In the compensatory stage, manifestations of polycystic disease are most often characterized by general symptoms: fatigue, general weakness, dysuric phenomena. The patient may also complain of pain in the lumbar region (aching, pressing, prolonged, not relieved by taking antispasmodic drugs). Pain may radiate to the lateral abdominal wall. The occurrence of painful sensations is associated with stretching of the renal capsule with an increase in the volume of the kidney affected by cysts of various sizes. Hematuria (blood in the urine) may occur. The exact cause of bleeding inside cavity formations has not been established. Hematuria can be intermittent and self-limiting. In rare cases, bleeding can be quite massive, requiring surgical intervention.

Diagnostics

In order to make a diagnosis, you need to carefully study the family history - most often familial cases of polycystic disease are identified. The doctor also conducts a full examination, palpating the abdomen - sometimes he can identify enlarged, lumpy kidneys. But the diagnosis can be confirmed only after tests and additional examinations:

  • Ultrasound of the kidneys;
  • nephroscintigraphy (using radioisotope substances);
  • excretory urography (with the introduction of a contrast agent and x-ray of the kidneys);
  • CT or MRI of the kidneys;
  • selective angiography (to determine how the kidney is fed with blood);
  • intravenous urography - it helps to determine significant enlargement of the kidneys on both sides, such as deformation of the calyces and pelvis.

Additionally, urine samples according to Reberg, Zimnitsky, biochemistry of blood, urine, and urine culture for sterility may be prescribed to exclude infection. Genetic research is also carried out.

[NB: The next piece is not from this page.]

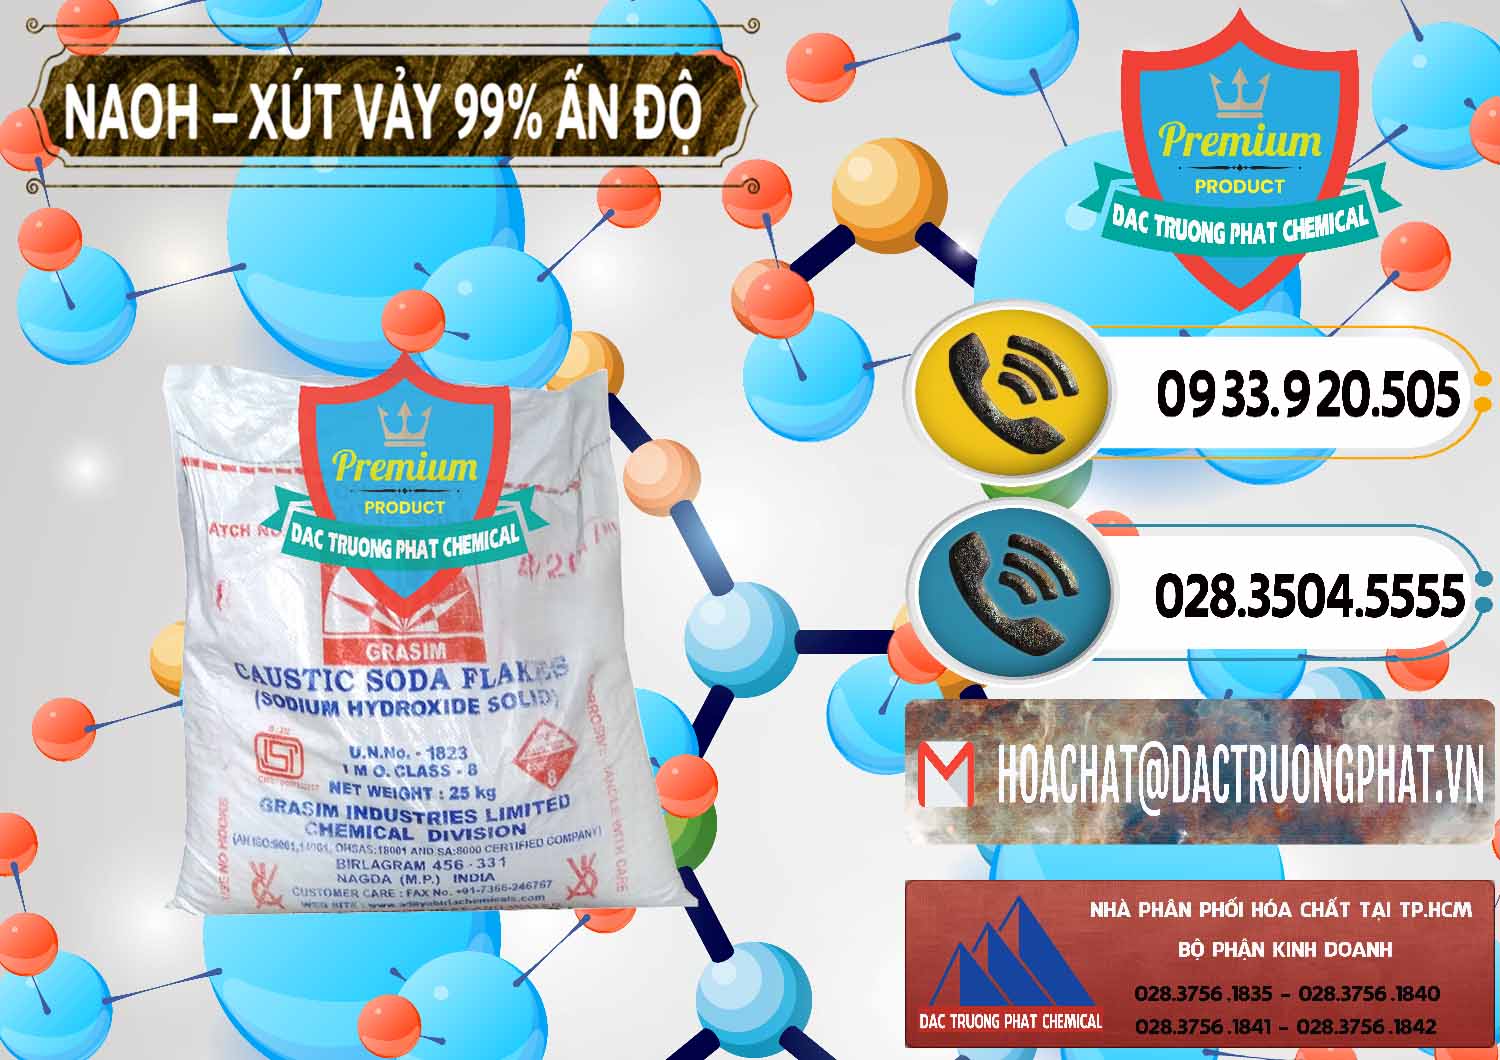 Chuyên nhập khẩu và bán Xút Vảy - NaOH Vảy 99% Aditya Birla Grasim Ấn Độ India - 0171 - Đơn vị chuyên bán ( phân phối ) hóa chất tại TP.HCM - hoachatdetnhuom.vn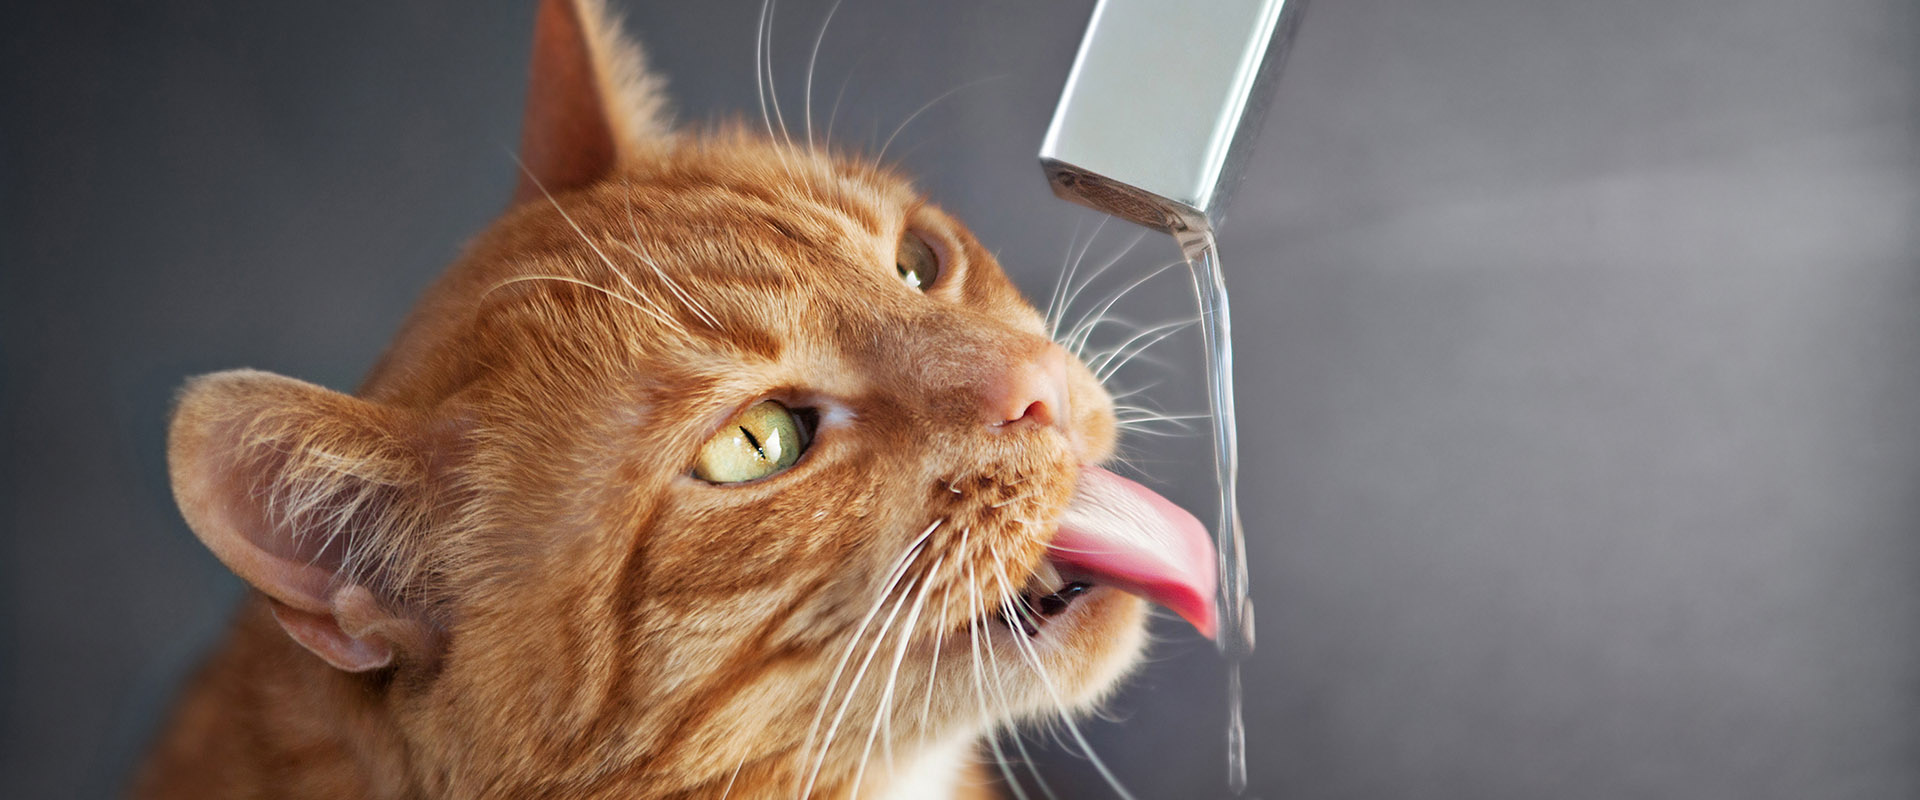 вода для кошки

Additional examination methods

Laboratory:

  • clinical urine analysis;
  • urine analysis according to Nechiporenko (the number of formed elements in the urine);
  • urine analysis according to Zimnitsky (allows you to determine the excretory and concentration function of the kidneys);
  • clinical blood test;
  • biochemical blood test (level of creatinine, urea - end products of protein metabolism, Ca, K, P);
  • bacteriological culture of urine.

Instrumental:

  • Ultrasound of the kidneys. Determines the presence of cysts, expansion of the collecting apparatus;
  • excretory urography is an x-ray method that is based on the introduction of contrast into the patient’s blood for the purpose of further assessing the excretory function of the kidneys;
  • retrograde pyelography is also an X-ray examination method in which contrast is supplied through a urinary catheter. This method allows you to determine the state of the cavity structures of the kidneys;
  • computed tomography (CT), nuclear magnetic resonance imaging: allows you to determine the number of cysts, their shape and size;
  • renal angiography (determination of the vascular structures of the kidney);
  • ECG (evaluation of heart function).

Differential diagnosis of polycystic kidney disease must be carried out with glomerulonephritis, pyelonephritis, and tumor diseases of the kidneys.

Modern methods of treatment

– Since polycystic disease is a genetic disease, there is no specific treatment.
That is, it is not possible to prevent its development, says Dr. Alexander Danilov. – The main thing is symptomatic treatment. It is divided into conservative and surgical. Conservative treatment. Its goal is to reduce the manifestations of the disease and prevent complications. For example, when blood pressure increases, antihypertensive therapy is carried out. With the development of kidney inflammation (pyelonephritis), antibacterial drugs are used. For protein deficiency - amino acid preparations. If anemia develops (decreased hemoglobin concentration in the blood), use iron supplements and erythropoietin.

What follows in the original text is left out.